_What to produce_:
Without the pictures, write out all the lines below exactly as they appear.

_Data segment_:
----------

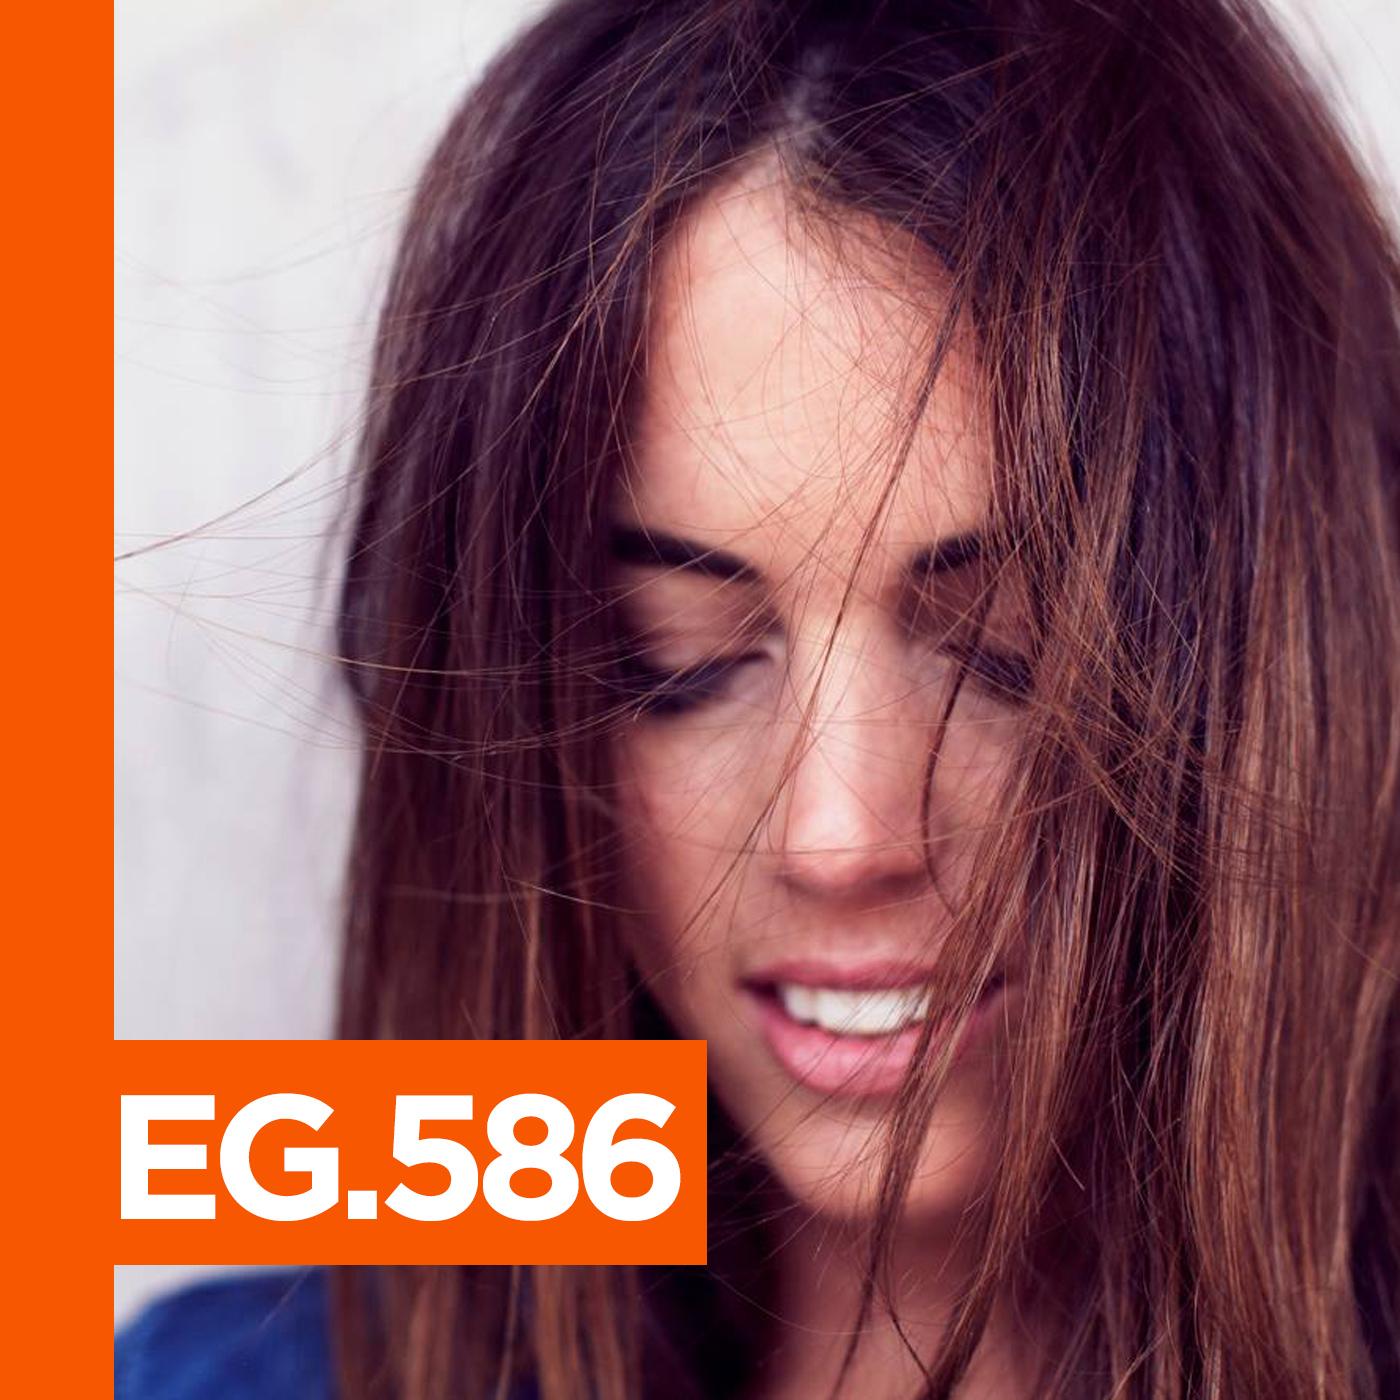 EG.586 Carly Foxx
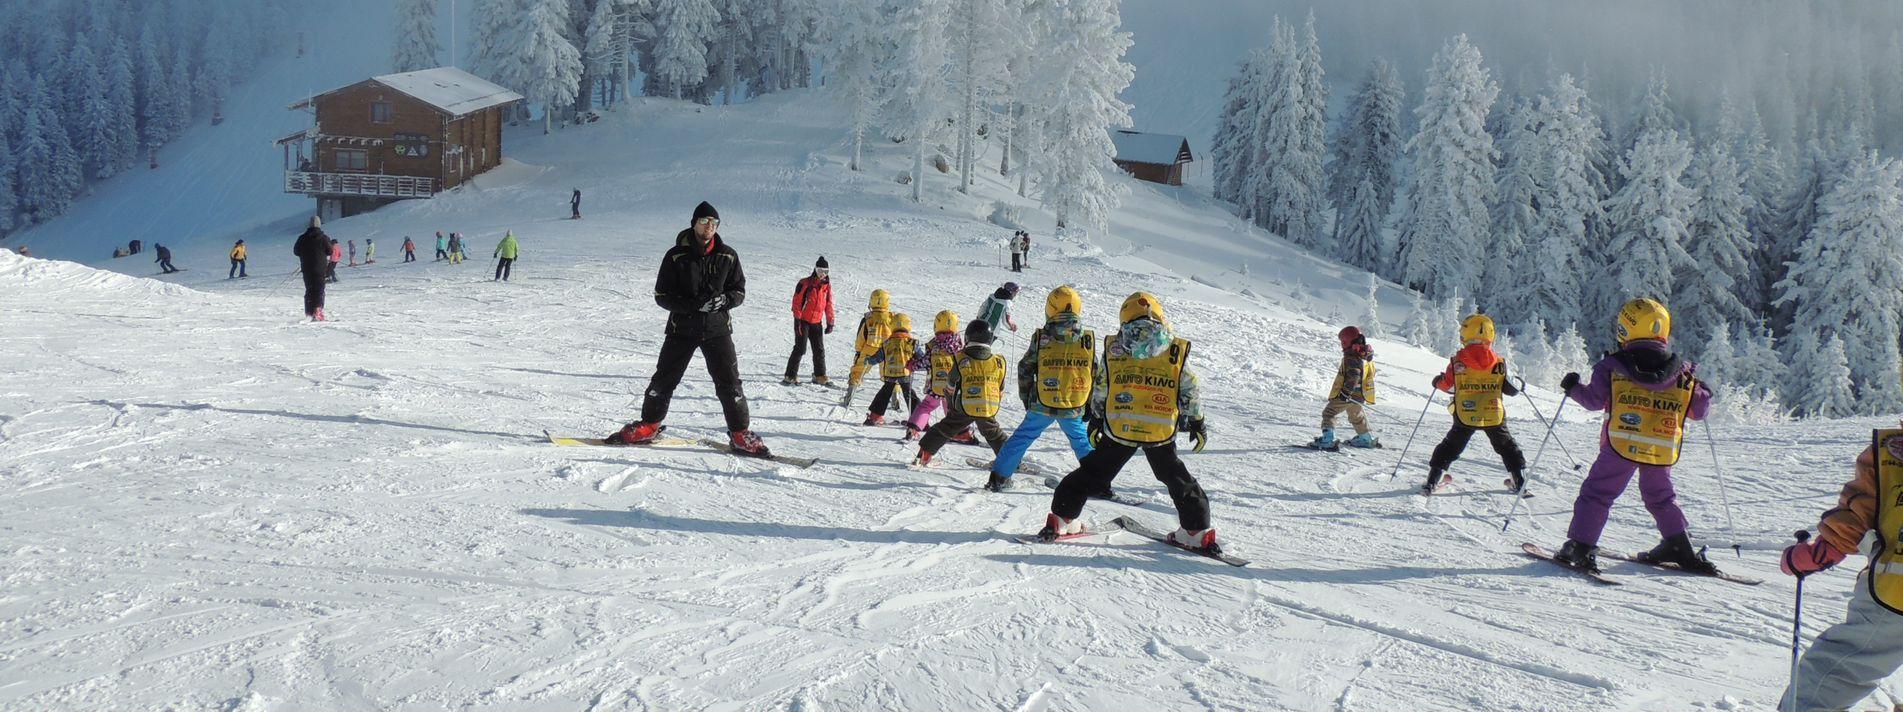 Cursuri colective schi pentru incepatori | Piticii zapezii | Sport Ski Club
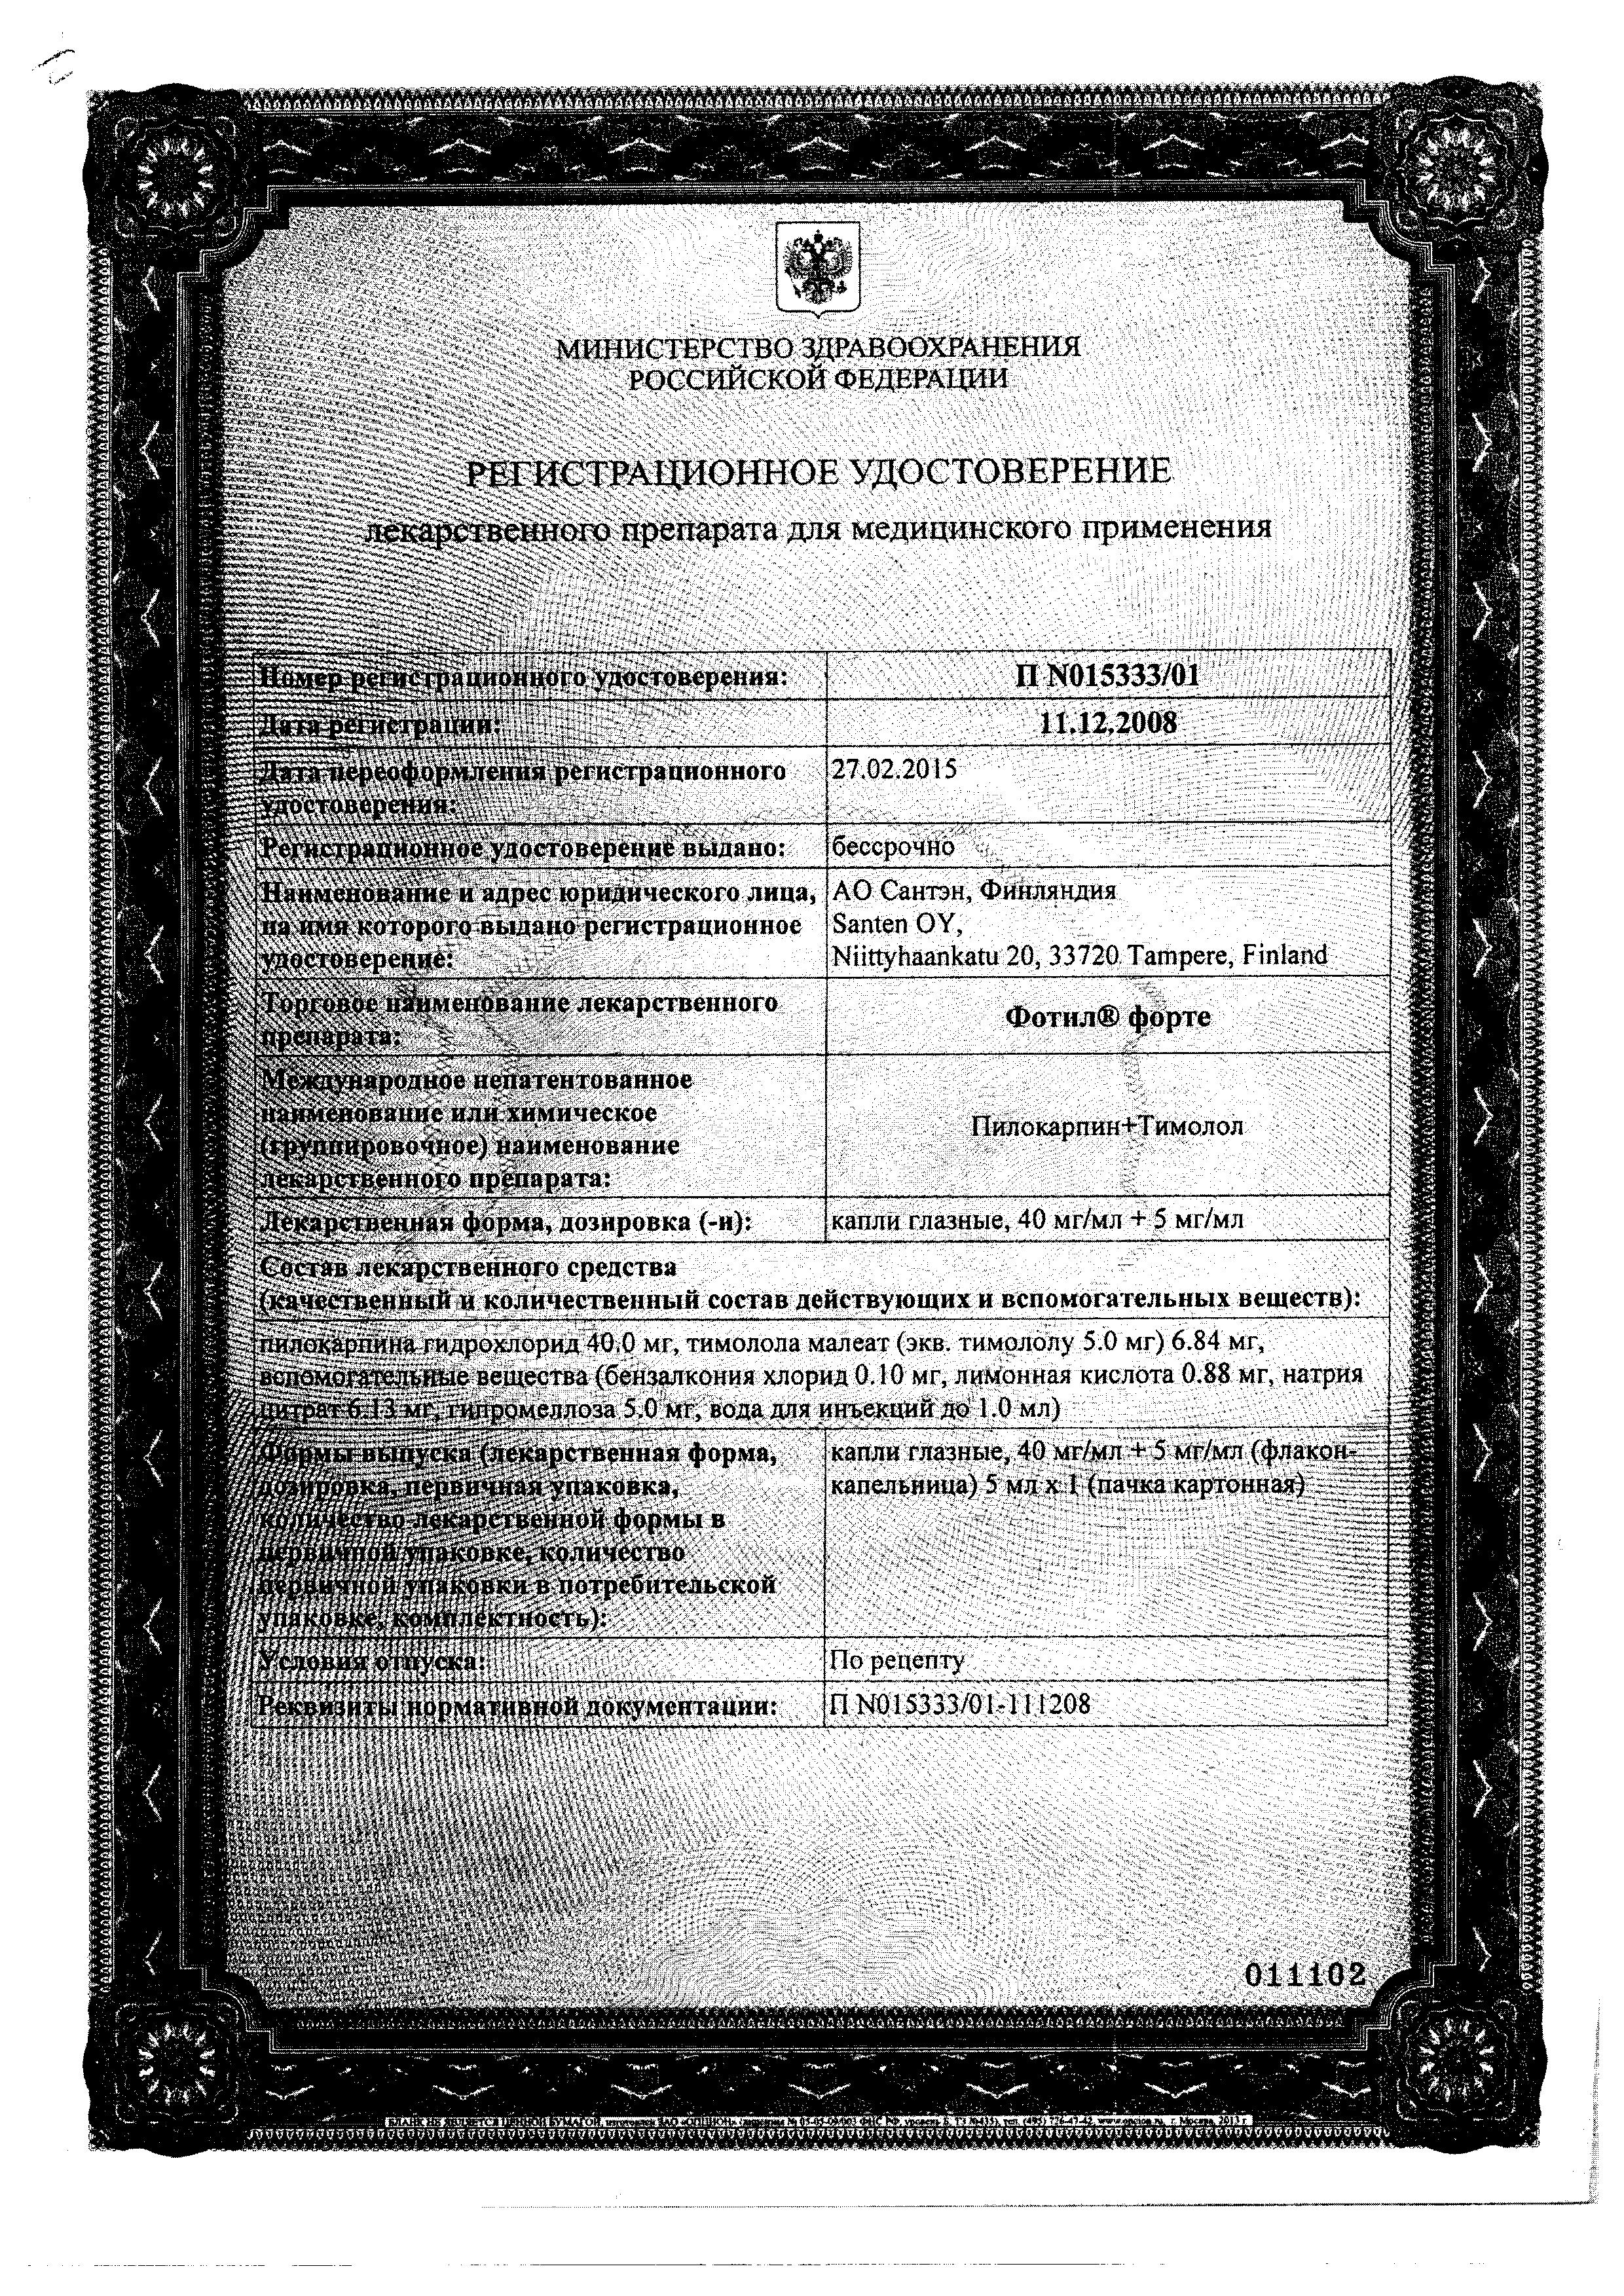 Фотил форте сертификат

----------

_Your solution_:
 EG.586 Carly Foxx
 Cursuri colective schi pentru incepatori | Piticii zapezii | Sport Ski Club
 Фотил форте сертификат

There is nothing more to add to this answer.